The application supports various commands and subcommands. Use the `--help` flag to see available options:

```sh
# Generate embeddings and store them in the database
cargo run -- load -p sample/

# Query the database for nearest neighbors
cargo run -- rag-query -t sample_table -d sample_db -i "what is temperature"

# Start an interactive chat session
cargo run -- chat -p "what is mirostat"
```

### Configuration

Configuration settings for embedding requests, database connections, and chat interactions are managed in `src/app/config.rs`. You can modify these settings as needed.
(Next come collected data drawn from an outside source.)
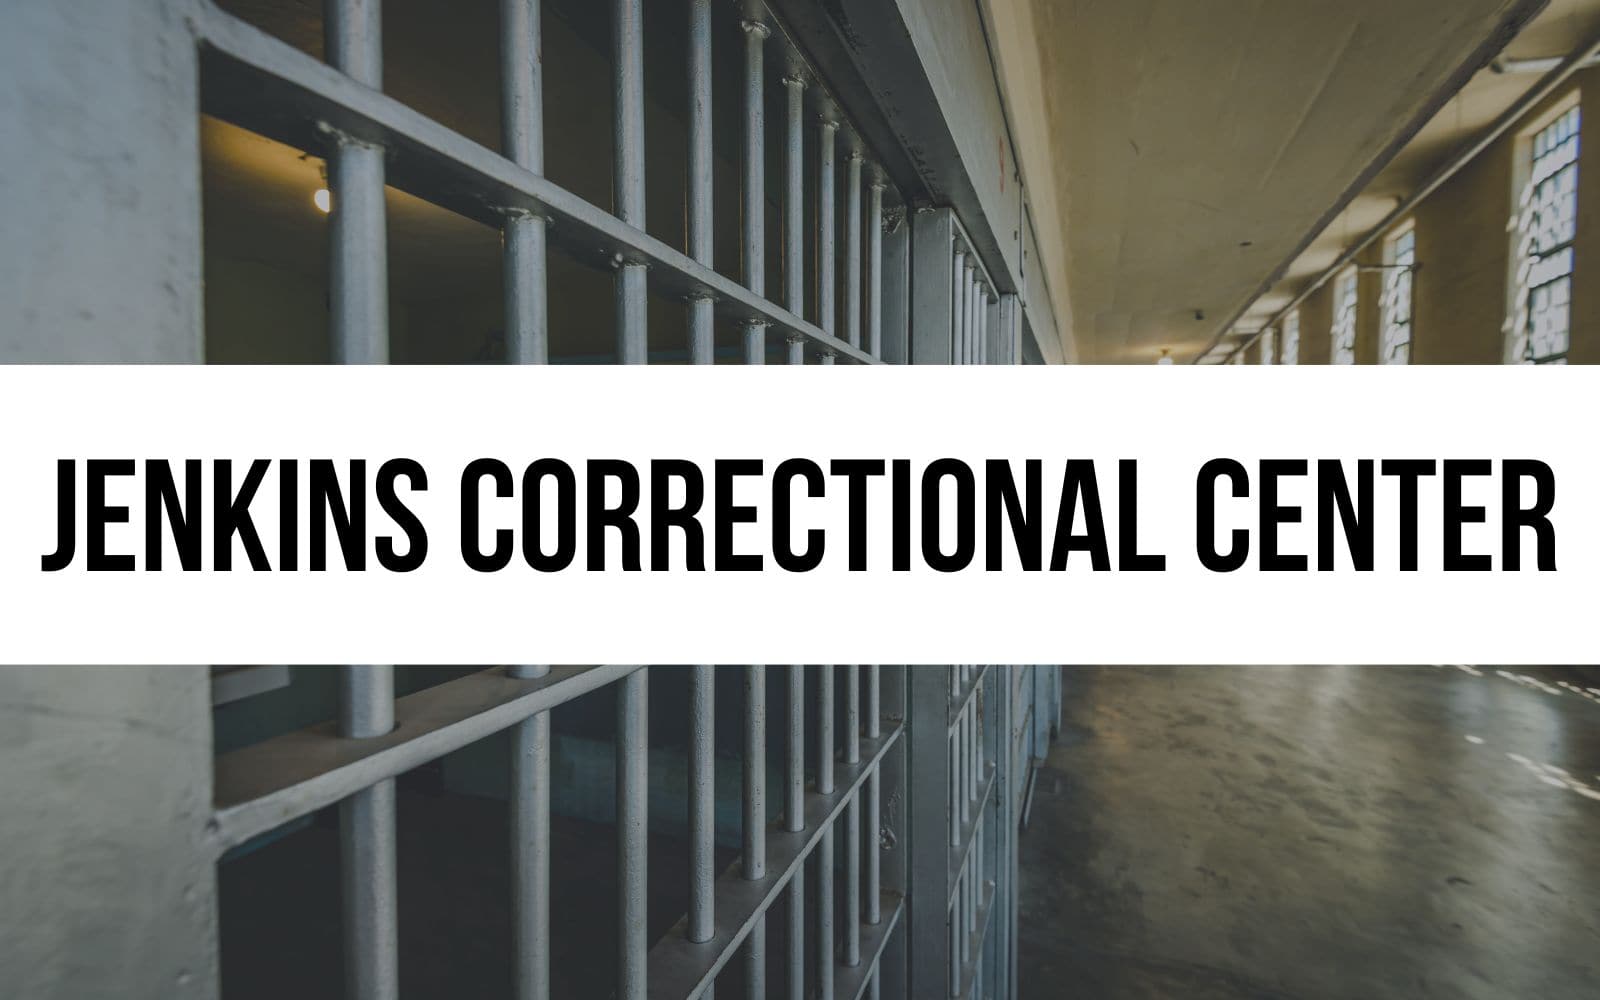 Jenkins Correctional Center
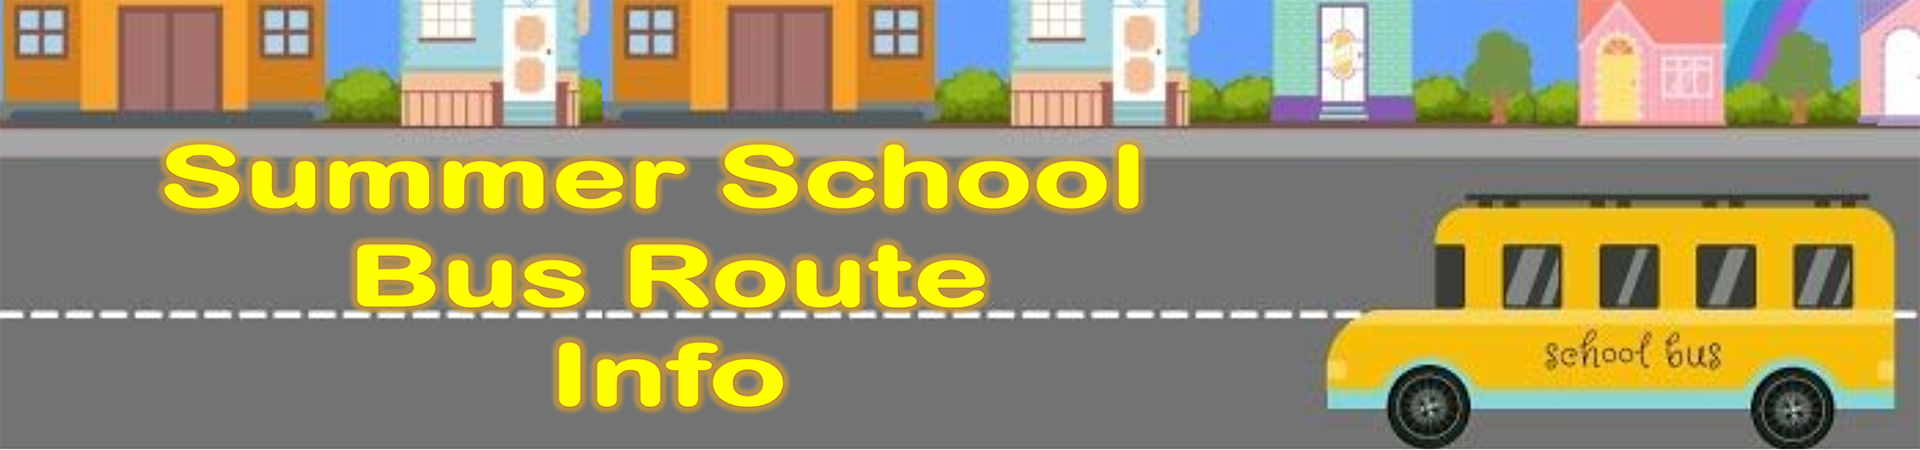 Summer school bus routes
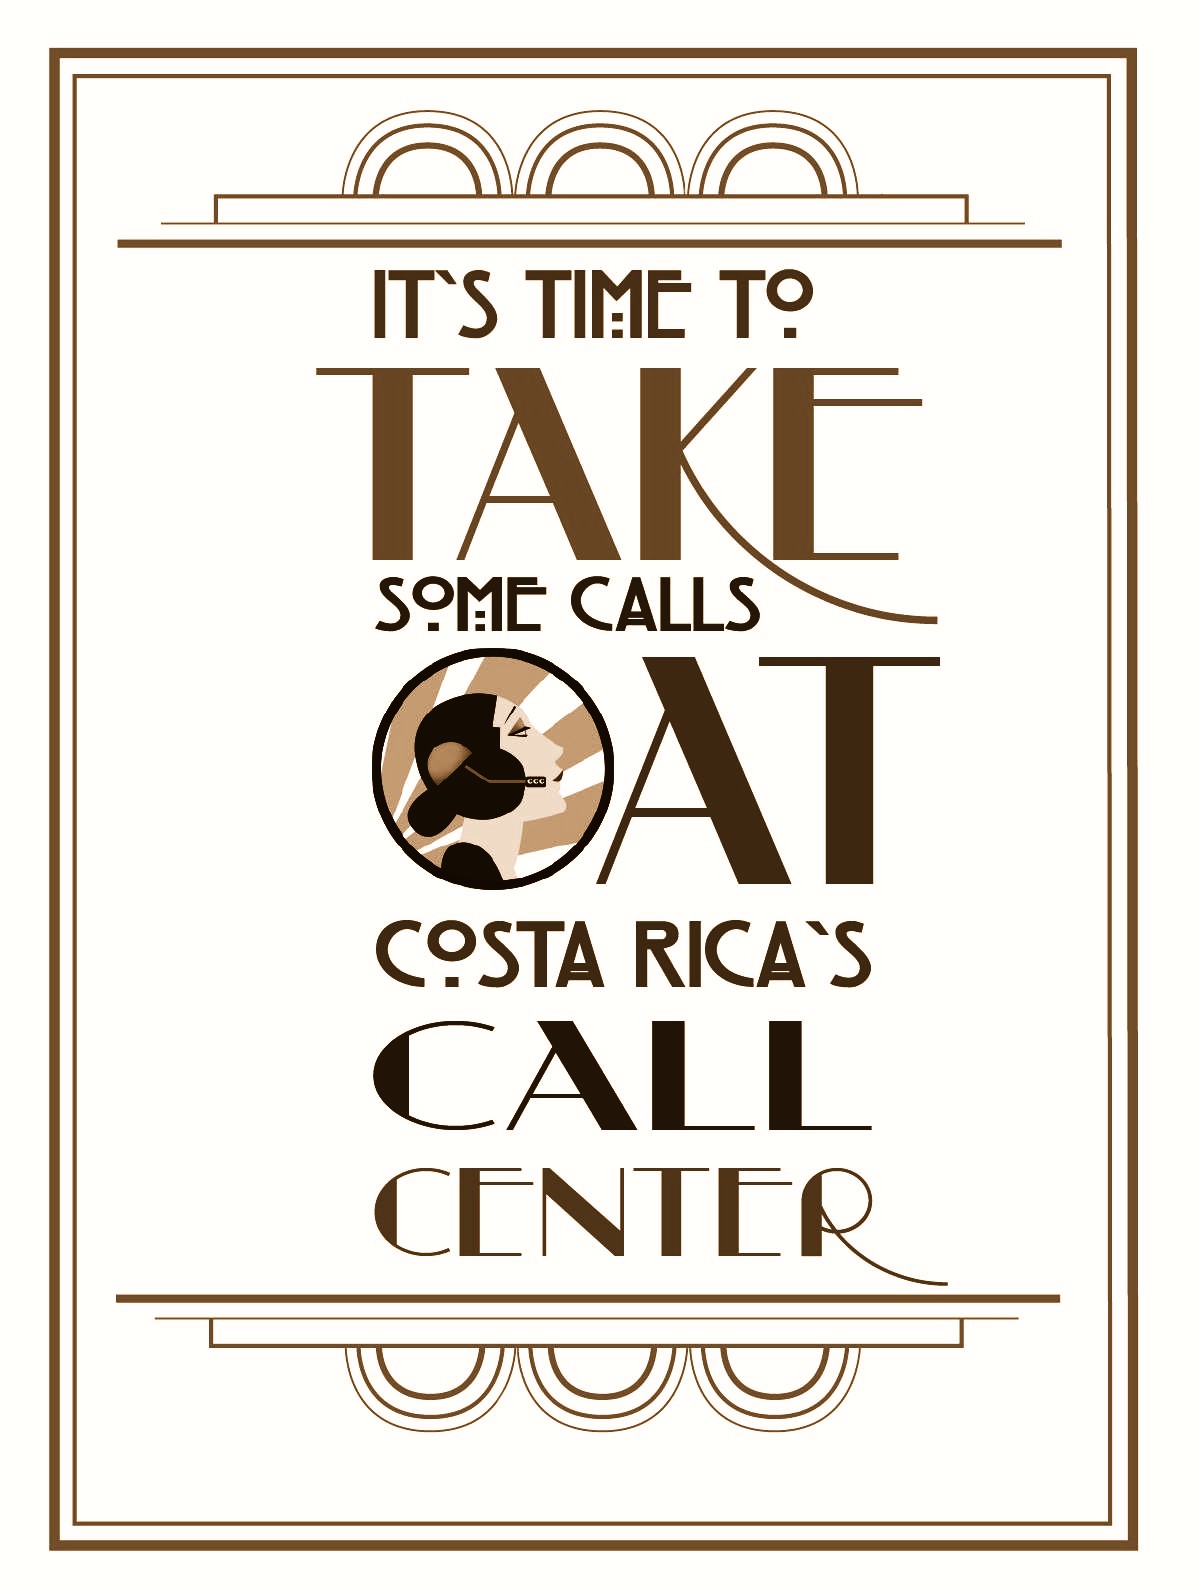 COLD CALL AND TELECALLER COSTA RICA.jpg  by richardblank
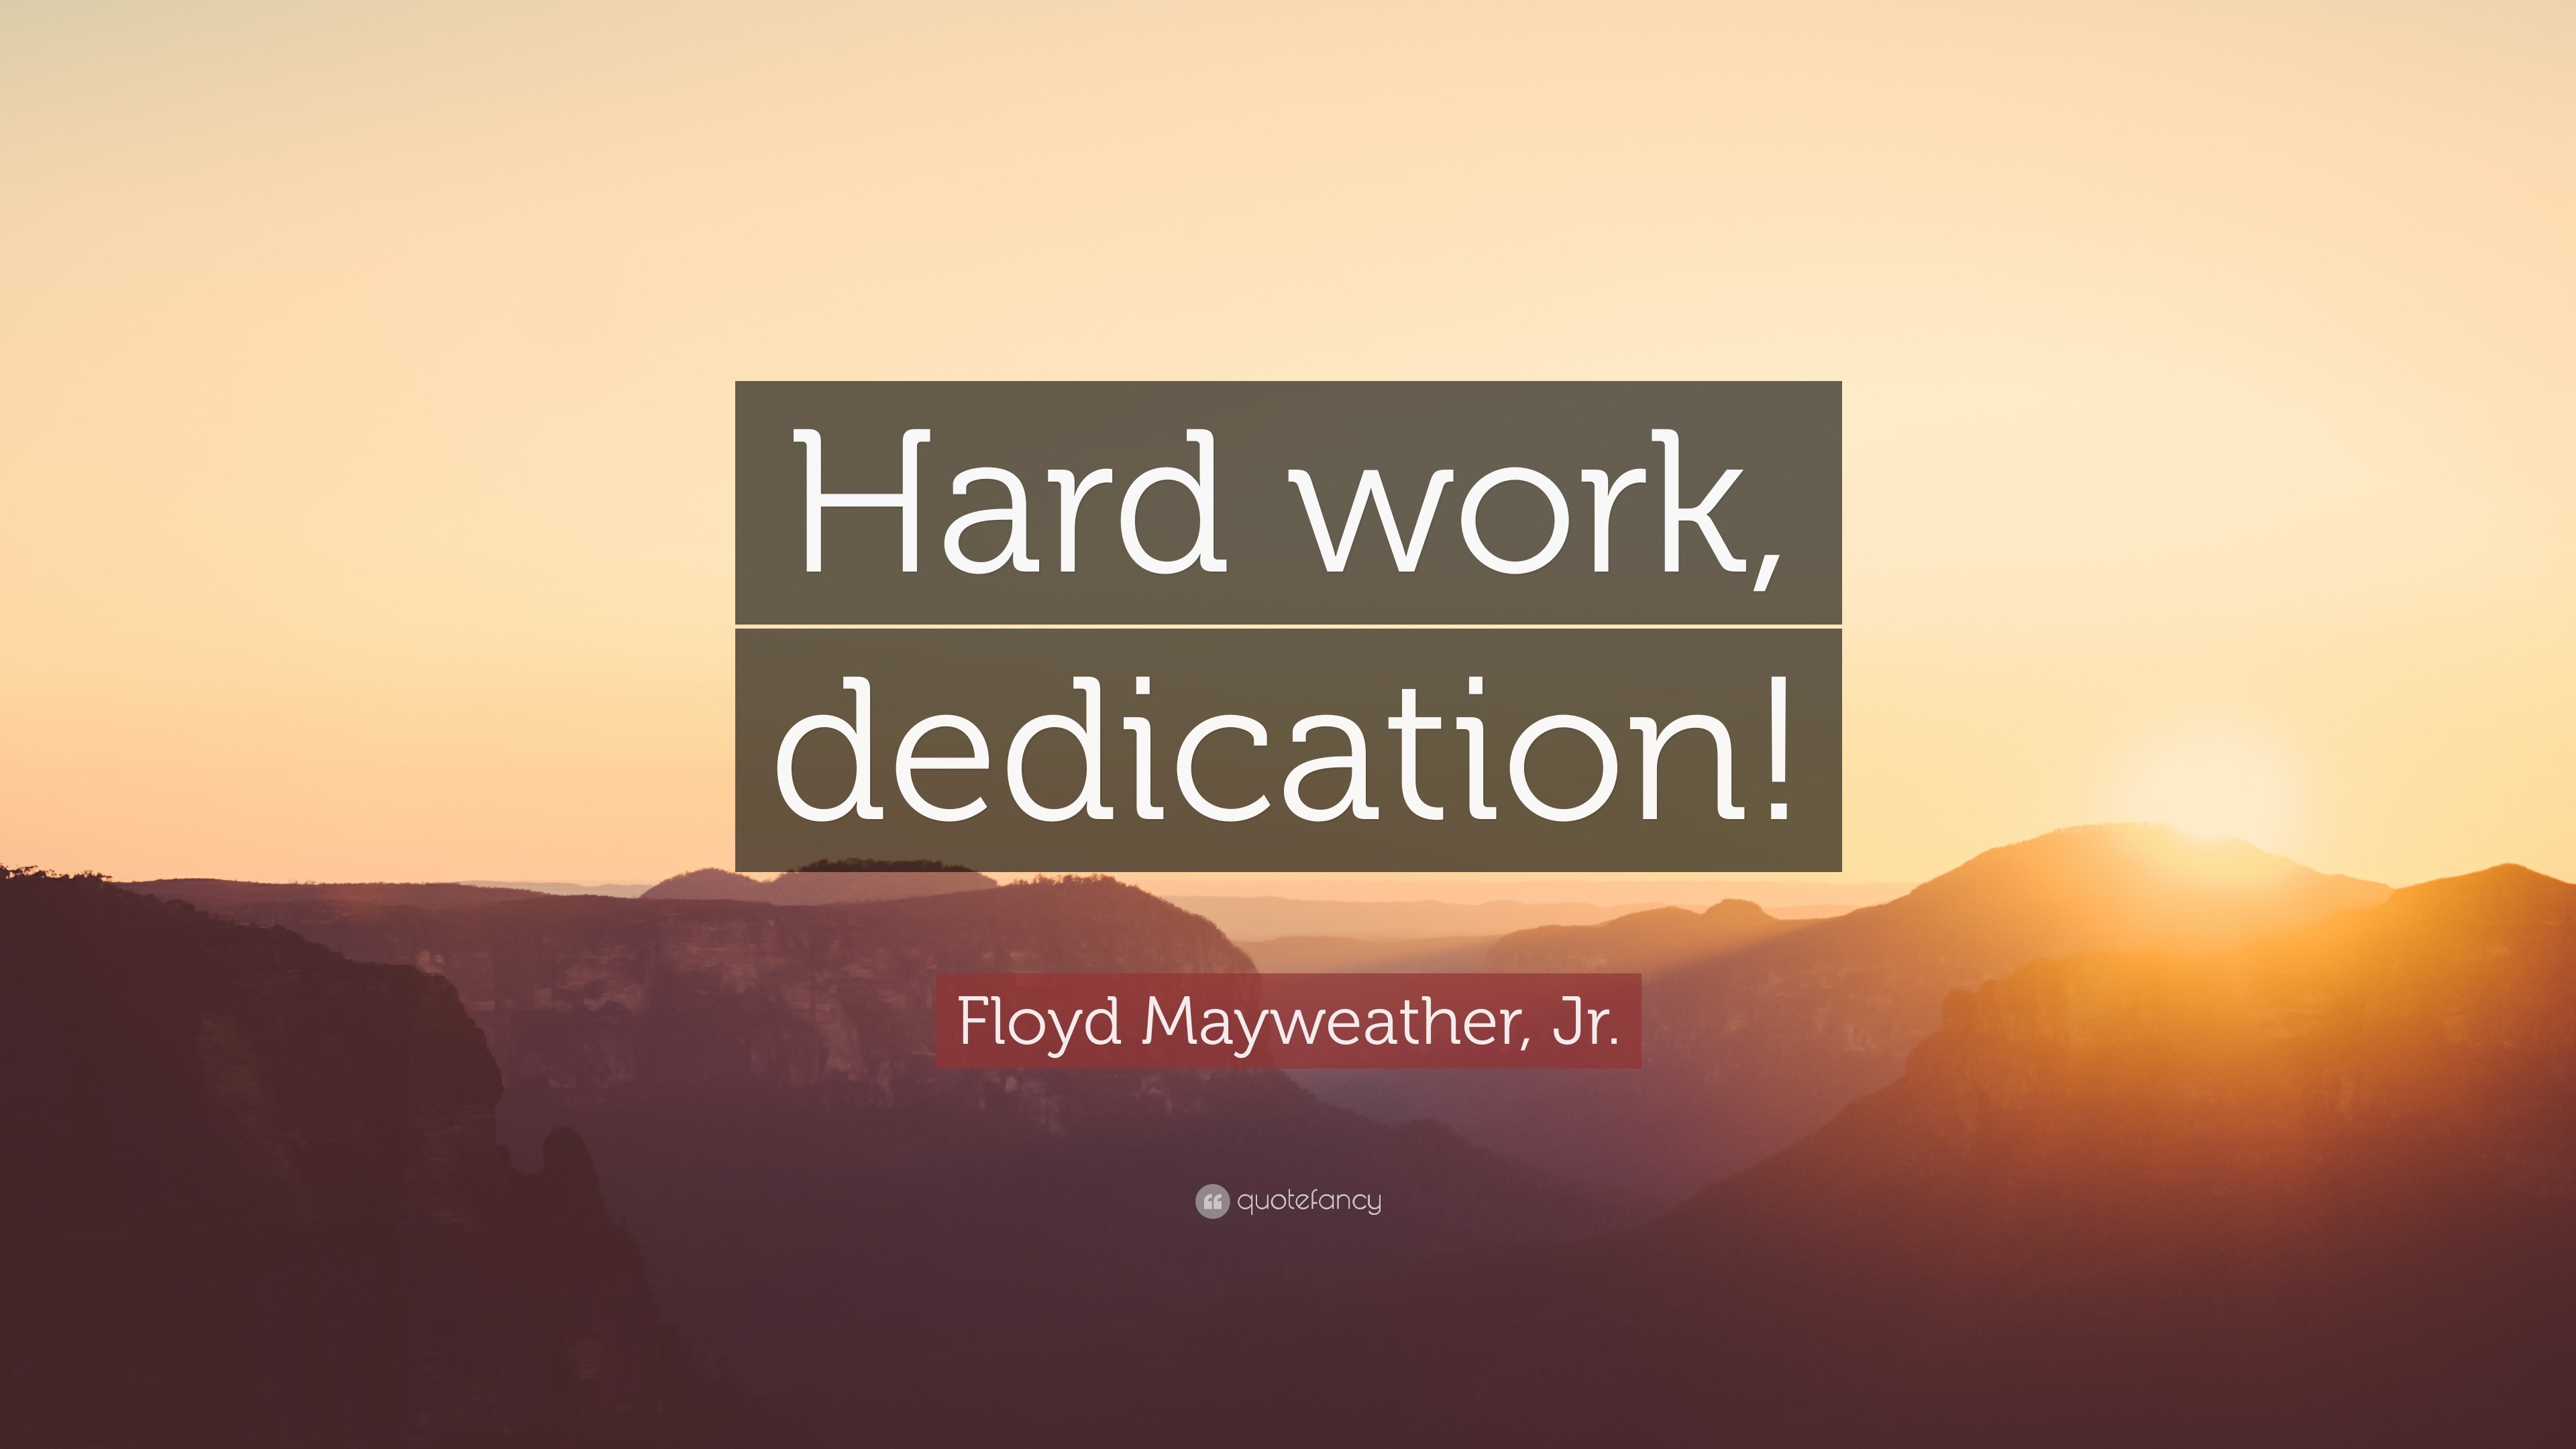 3840x2160 Hard Work Quotes: “Hard work, dedication!” — Floyd Mayweather, Jr

### Embedding and Querying

- **Generate Embeddings**: Use the `run_embedding` function to generate embeddings and persist them to the database.
- **Query Embeddings**: Use the `run_query` function to query the database for nearest neighbors based on vector embeddings.

### Chat Integration

- **Interactive Chat**: Use the `chat` command to start an interactive chat session with the Ollama LLM model. The chat session will use embeddings retrieved from the database to provide context-aware responses.

## Testing

The test suite requires Ollama with an embedding and LLM model to be running in the correct configuration.

* TODO missing test

```sh
cargo test
```

## Code Structure

- **`code_loader.rs`**: Handles file type detection and content loading.
- **`load_lancedb.rs`**: Manages LanceDB table creation, insertion, and querying.
- **`query.rs`**: Contains logic for running queries on LanceDB tables.
- **`chat.rs`**: Implements chat functionalities using the Ollama LLM model.
- **`main.rs`**: Entry point for the CLI application.

## Contributing

Contributions are welcome! Please read the [CONTRIBUTING.md](CONTRIBUTING.md) file for details on how to contribute to this project.

## License

This project is licensed under the MIT License - see the [LICENSE](LICENSE) file for details.